Notwithstanding the stringent prohibition on crypto-related activities within the nation of China, Chinese merchants continue to find ways to bypass the prohibition and exploit crypto assets in non-traditional ways.
According to a report published by Kyros Ventures, Chinese traders possess a significant portion of stablecoins on a global scale. The report highlights that a significant proportion of Chinese investors (33.3%) possess a substantial quantity of stablecoins, second only to Vietnam’s 58.6%; this proportion suggests a greater propensity for risk.

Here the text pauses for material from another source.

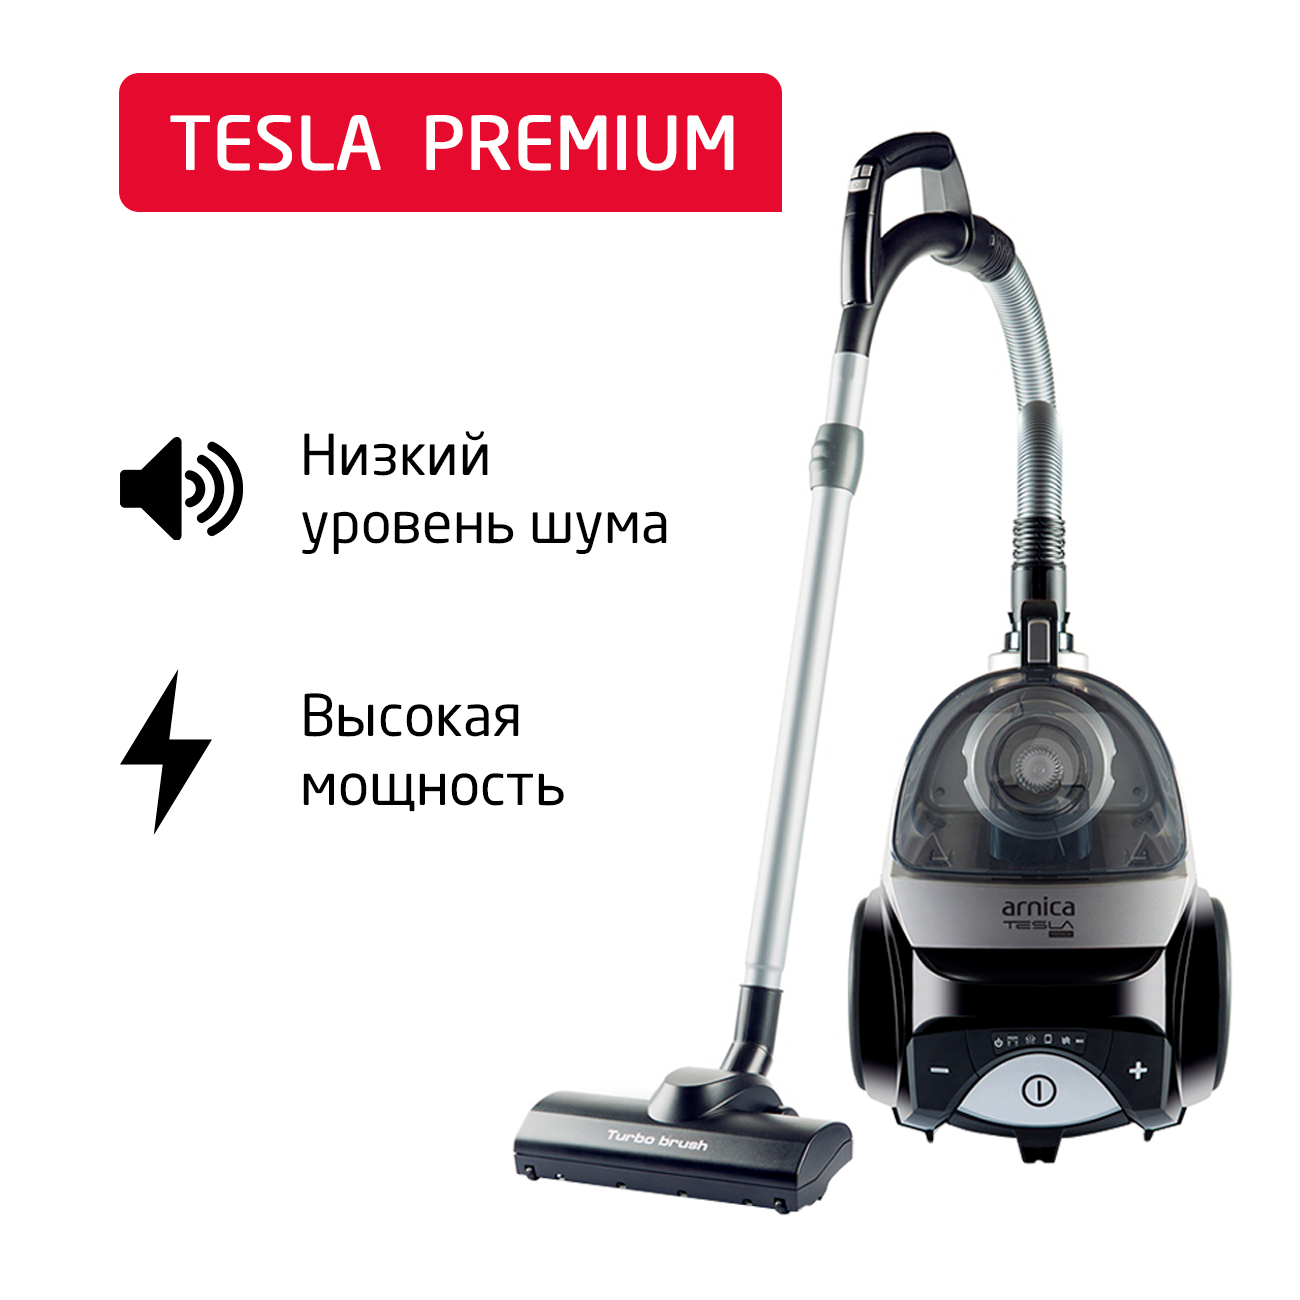 Пылесос ARNICA Tesla Premium серебристый, черный пылесос arnica et14000

The Chinese government has prohibited bitcoin mining operations and the use of cryptocurrencies and cryptocurrency exchanges. Over the years, however, the local populace has developed methods to circumvent this prohibition.
China was the leading contributor to the Bitcoin network hash rate prior to the mining prohibition, which dropped to almost zero immediately after the ban was implemented. However, Chinese mining hash rate contribution climbed to second place within a year, suggesting that individuals continue to circumvent the prohibition.
Likewise, subsequent to the nation’s prohibition of centralized exchanges, Chinese merchants resorted to decentralized protocols to conduct business.
Chinese traders significantly increased their use of DeFi-based protocols in the aftermath of the ban, with some even circumventing it via virtual private networks (VPNs).